## Directions for this task
Please produce a character-exact copy of the listing that follows, omitting all images.

## Dataset excerpt
[Start of section]
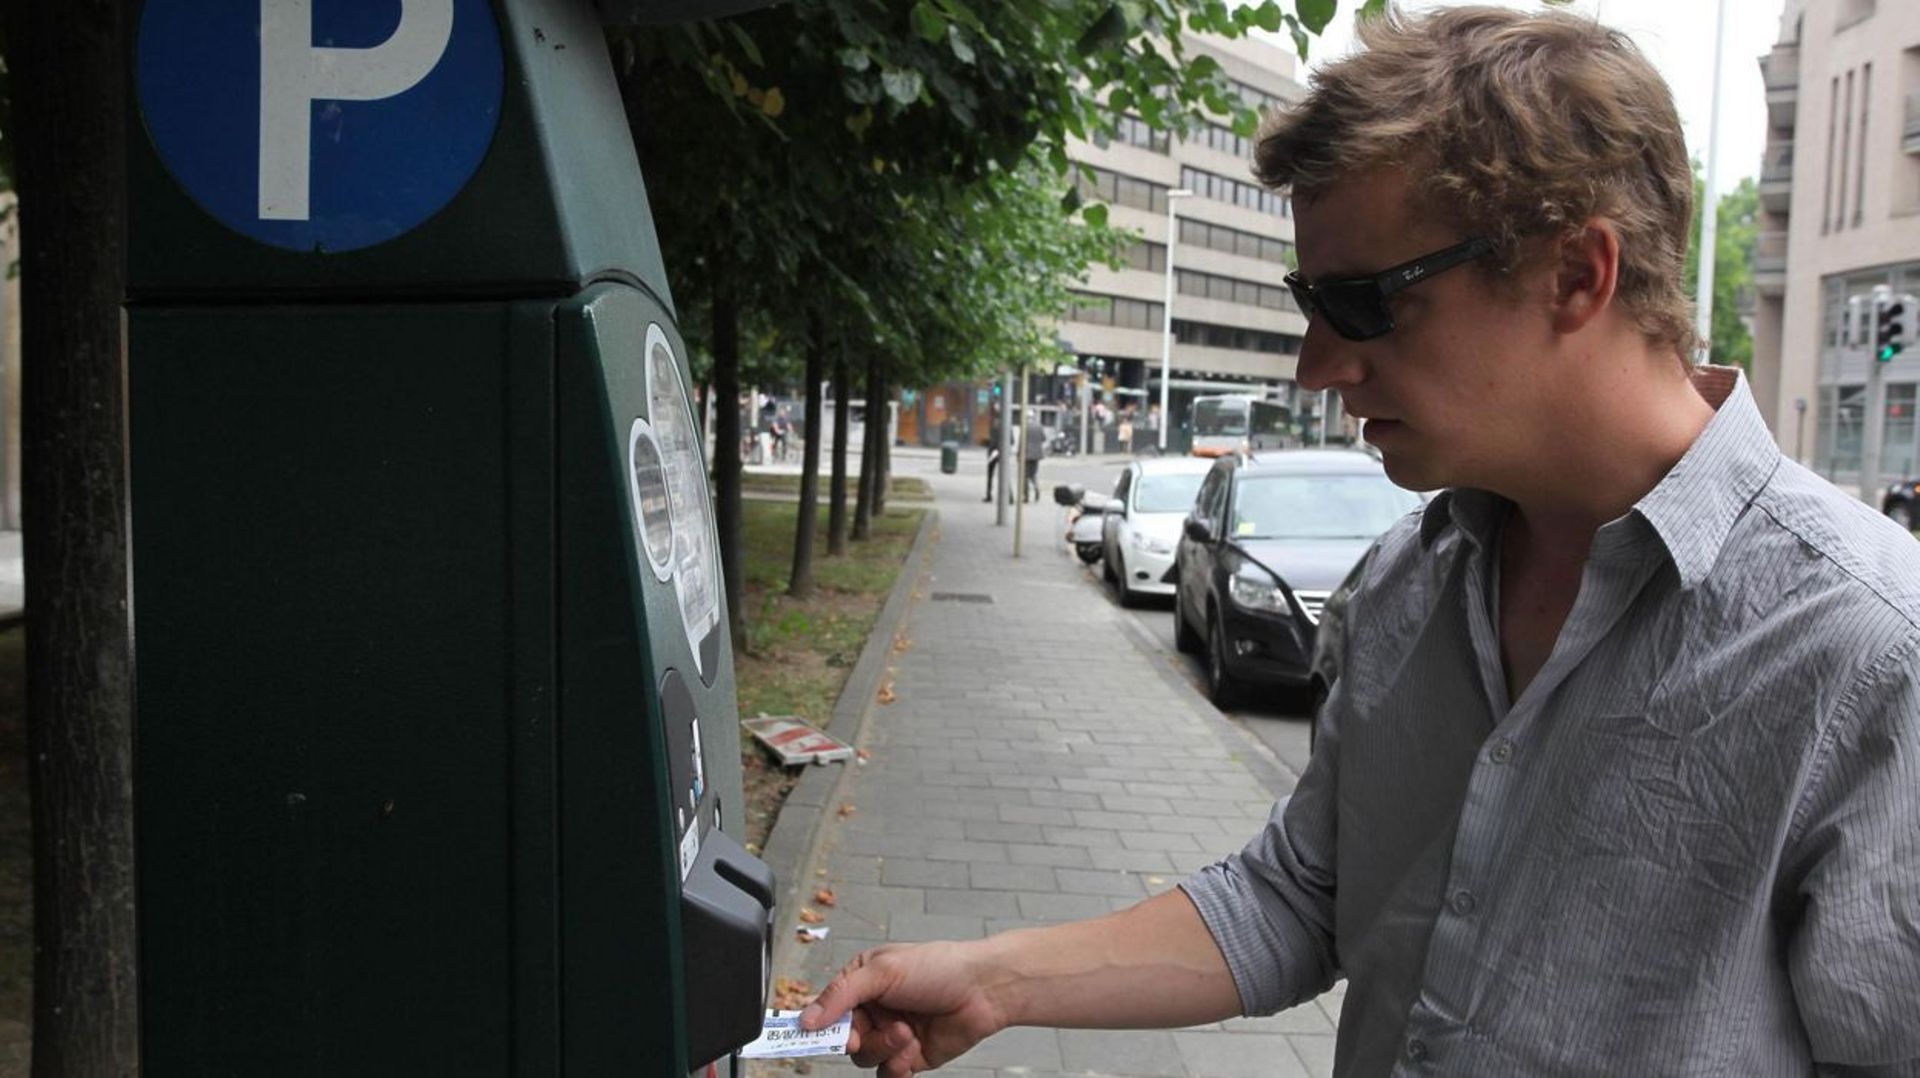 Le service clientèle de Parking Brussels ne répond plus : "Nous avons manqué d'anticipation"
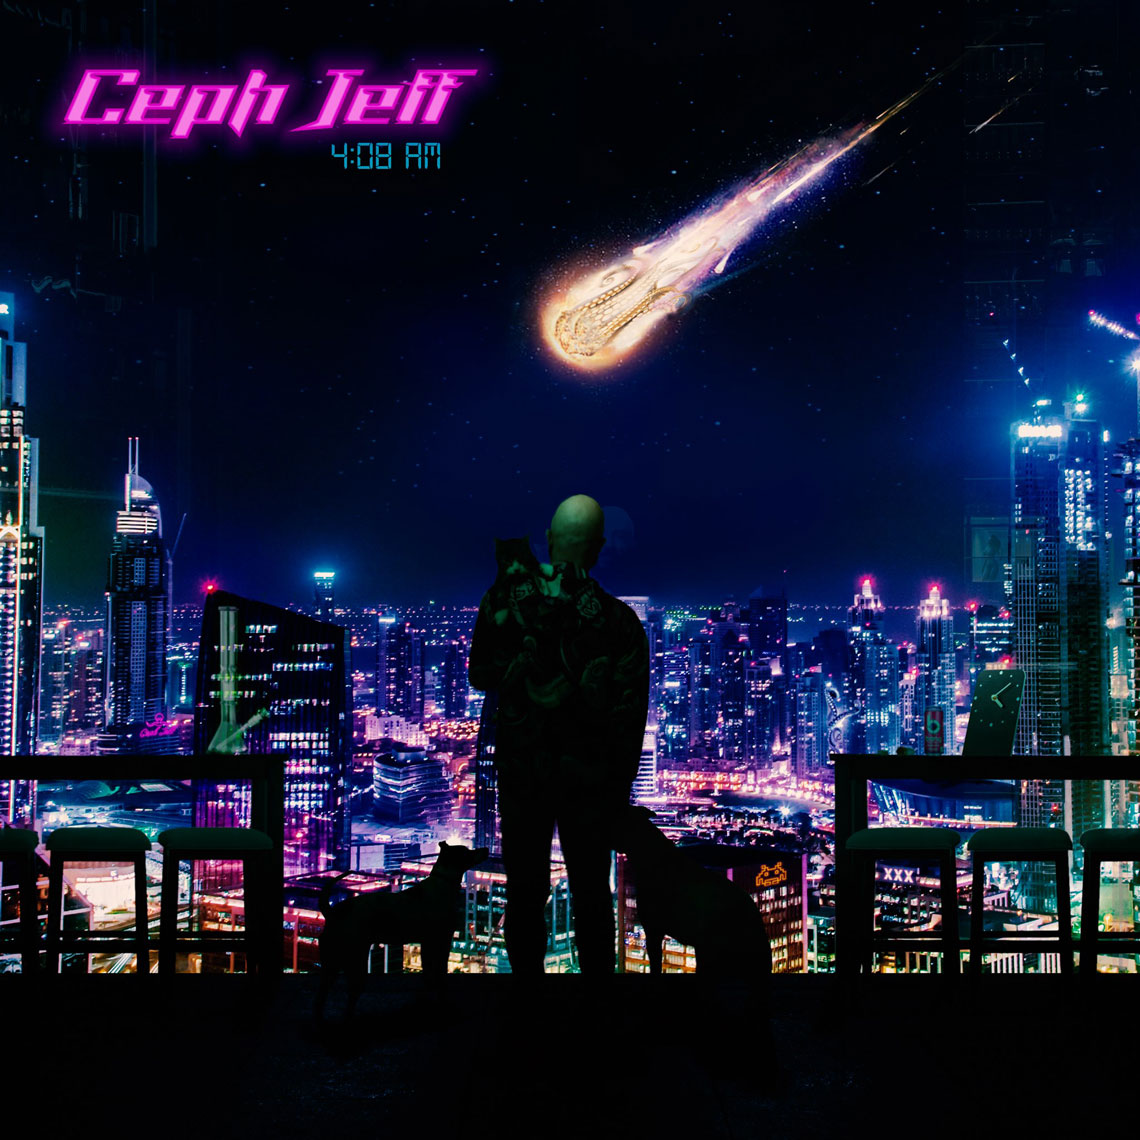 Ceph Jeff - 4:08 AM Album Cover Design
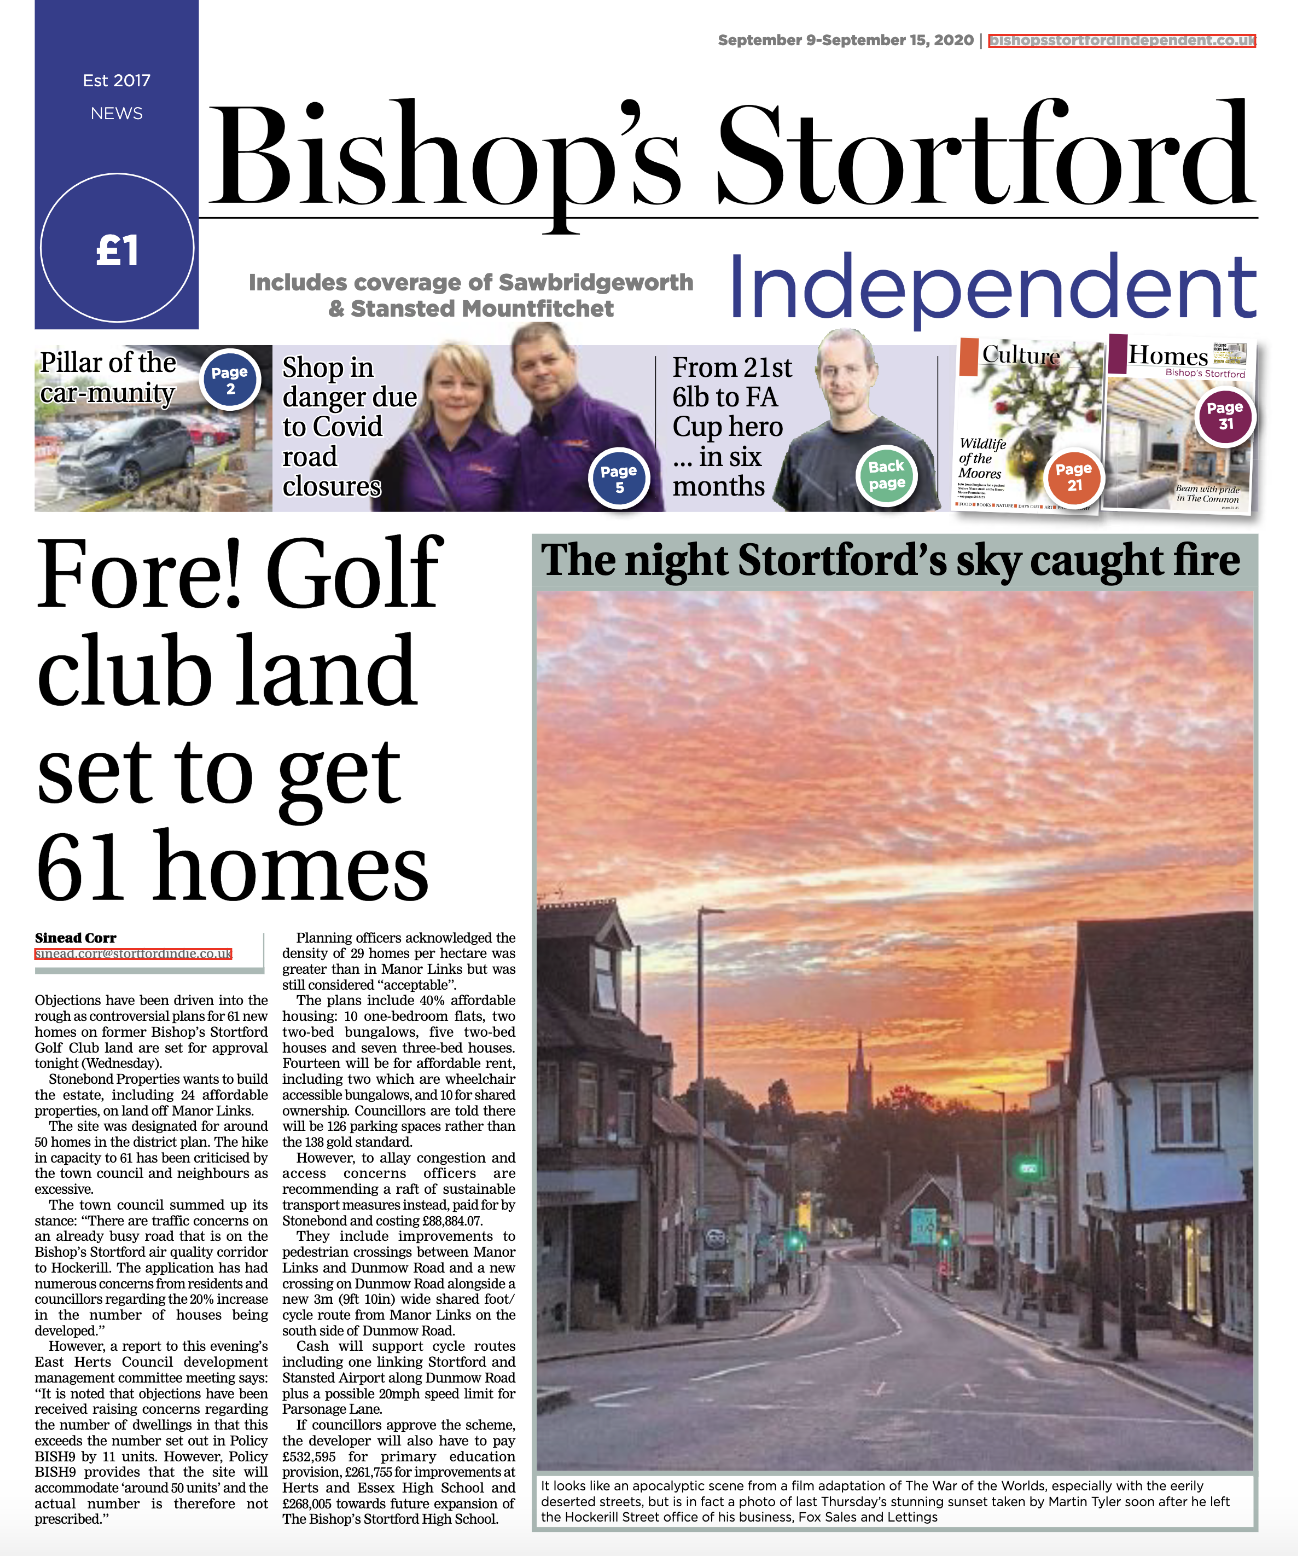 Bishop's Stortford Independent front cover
[End of section]
## Output for this exercise
 Le service clientèle de Parking Brussels ne répond plus : "Nous avons manqué d'anticipation"
 Ceph Jeff - 4:08 AM Album Cover Design
 Bishop's Stortford Independent front cover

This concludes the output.